- NHS England considers allowing local areas to keep cash from land sales
- National leaders examining how much investment STPs require
- Simon Stevens says some STPs are “directional rather than the final word”
NHS organisations that sell surplus land may be able to retain the capital receipts generated to invest in new services, rather than surrender them to central government.
The idea is being explored by NHS England as part of a set of measures designed to help realise proposals contained within the sustainability and transformation plans.
NHS England chief executive Simon Stevens revealed the strategy as part of interview addressing concerns over the content and publication of the STPs.
He also responded directly to criticism from Birmingham City Council chief executive Mark Rogers that STPs were being forced to adopt an “NHS first” approach.
He added that he expected all STPs to be published “over the course of the next few weeks, and certainly by Christmas”, and defended the focus in some plans on shoring up the finances of acute services as a “pragmatic” response to circumstances that nobody “would’ve chosen”.
Mr Stevens said a number of STPs included proposals which would require “a level of capital investment”, the affordability of which could not be assessed by any “individual geography” while NHS capital funding remains constrained nationally.
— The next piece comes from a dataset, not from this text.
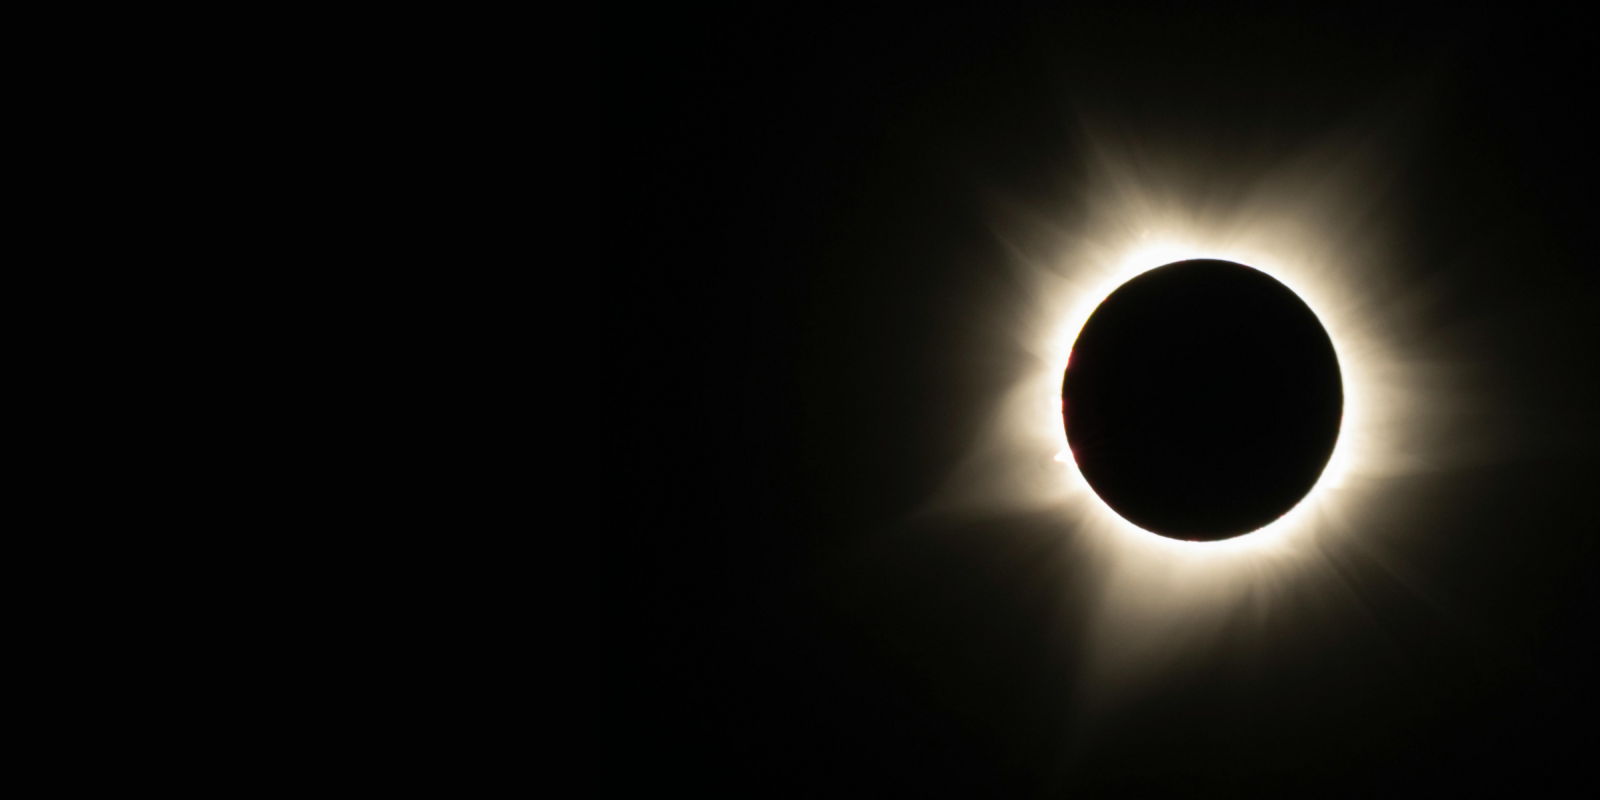 An image of a solar eclipse
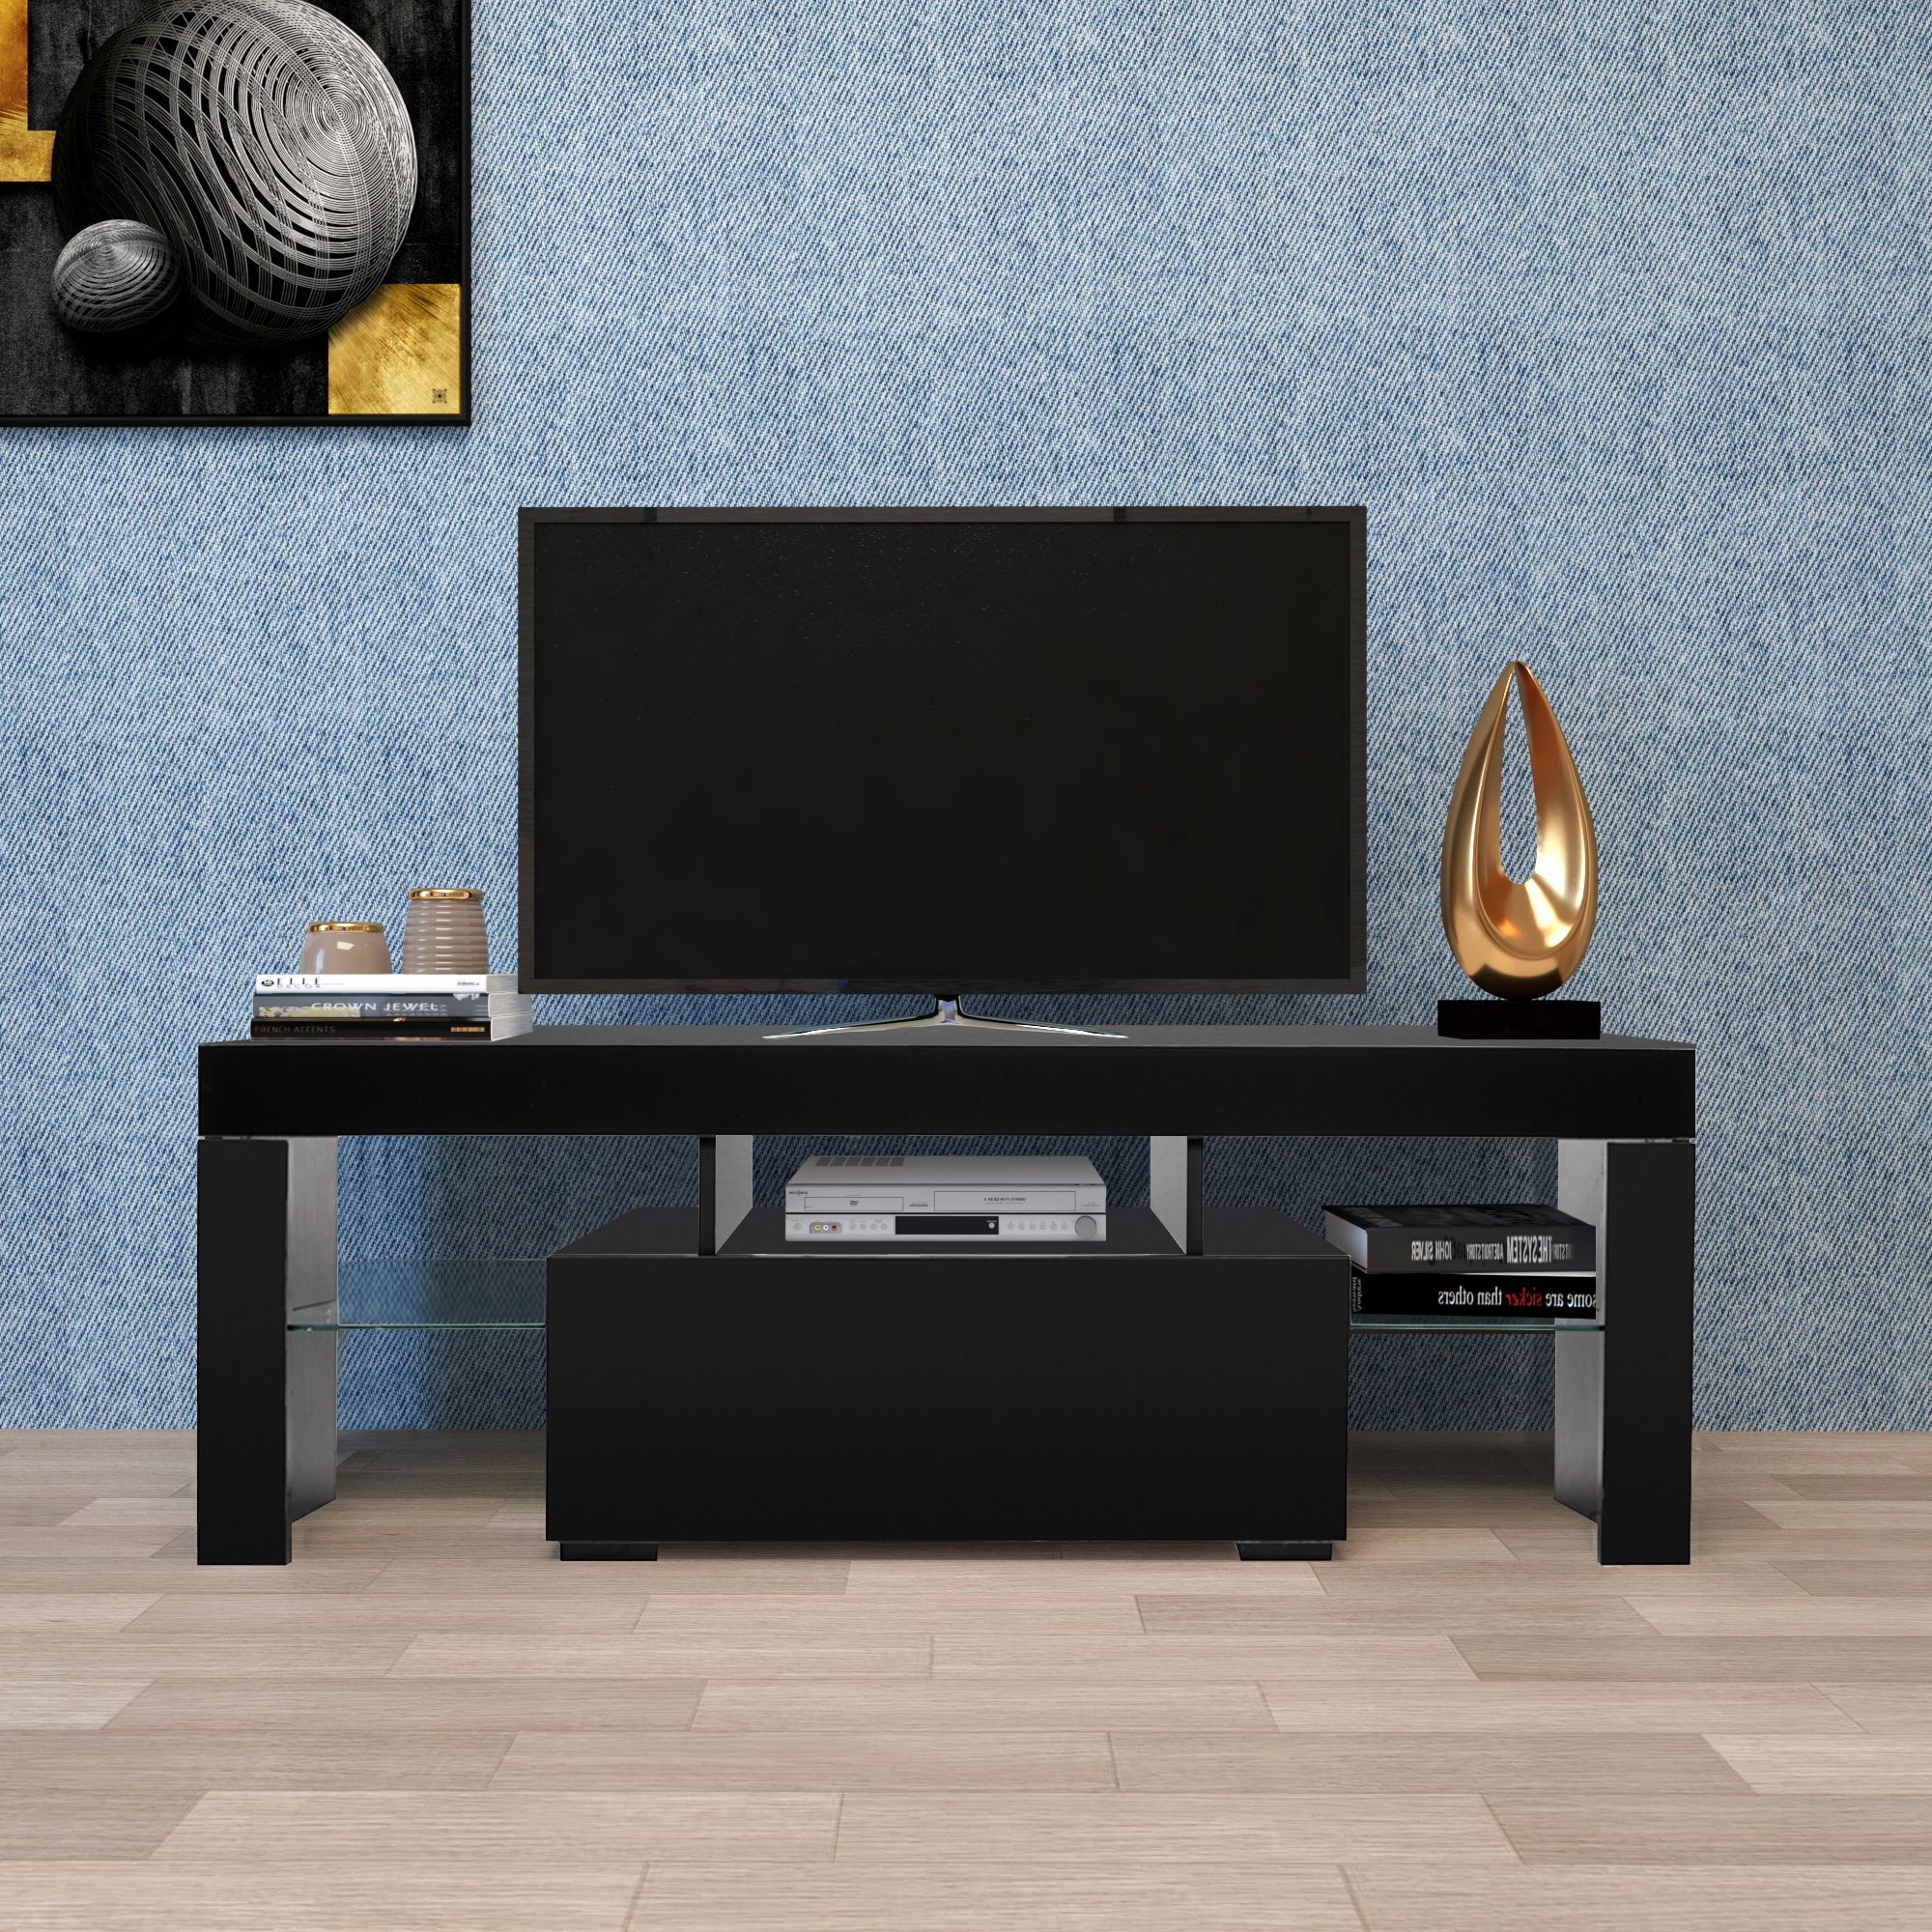 Entertainment Centers And Tv Stands, Yofe Tv Stand With Regarding Zimtown Tv Stands With High Gloss Led Lights (View 7 of 15)

As a result NHS England is examining the return on investment offered by each proposal and will then let the relevant STP know whether they are likely to get funding. This analysis would also address other factors such as “how shovel ready projects are”, said Mr Stevens.
For projects that pass those tests, he said: “We are debating whether we can create a new capital regime in which parts of the country which are able to dispose of their own surplus land are able to keep the all proceeds for reinvestment.”
Mr Stevens said he hoped this would address the “incentive problem” created by fears that land sales would be “snaffled centrally”.
NHS England’s work includes aggregating the “new investment required” and the ability of various STPs “to contribute to that if they had the right incentives to do so.” It will also attempt to “sync up” with the review of the NHS estate being undertaken by University College Hospitals London Foundation Trust chief executive Sir Robert Naylor.
Mr Stevens said he expected all the STPs to be published “over the course of the next few weeks, and certainly before Christmas”.
He added: “In some places these are pretty fully worked through proposals, in others they are directional rather than the final word” and this “spread of granularity across the 44 geographies” was not well enough understood by those critiquing the STP process.
Addressing the balance between sustainability and transformation, the NHS England chief said: “I think it is legitimate to recognise that there are genuine pressures in acute hospitals and therefore recognising that through the £1.8bn allocation [to tackle trust deficits in 2015-16] was a pragmatic thing to do under the circumstances. They’re not the circumstances that anybody would’ve chosen but they are the circumstances that we are facing.”
He added: “What we are seeing in the proposals is they are clearly putting their thumb on the scale in terms of wanting to put more of the investment in to mental health services and primary care in the way we would all believe is the right thing to do. What they can’t do is ignore they go into this process with hospitals under more pressure than they might have been 18 months ago.”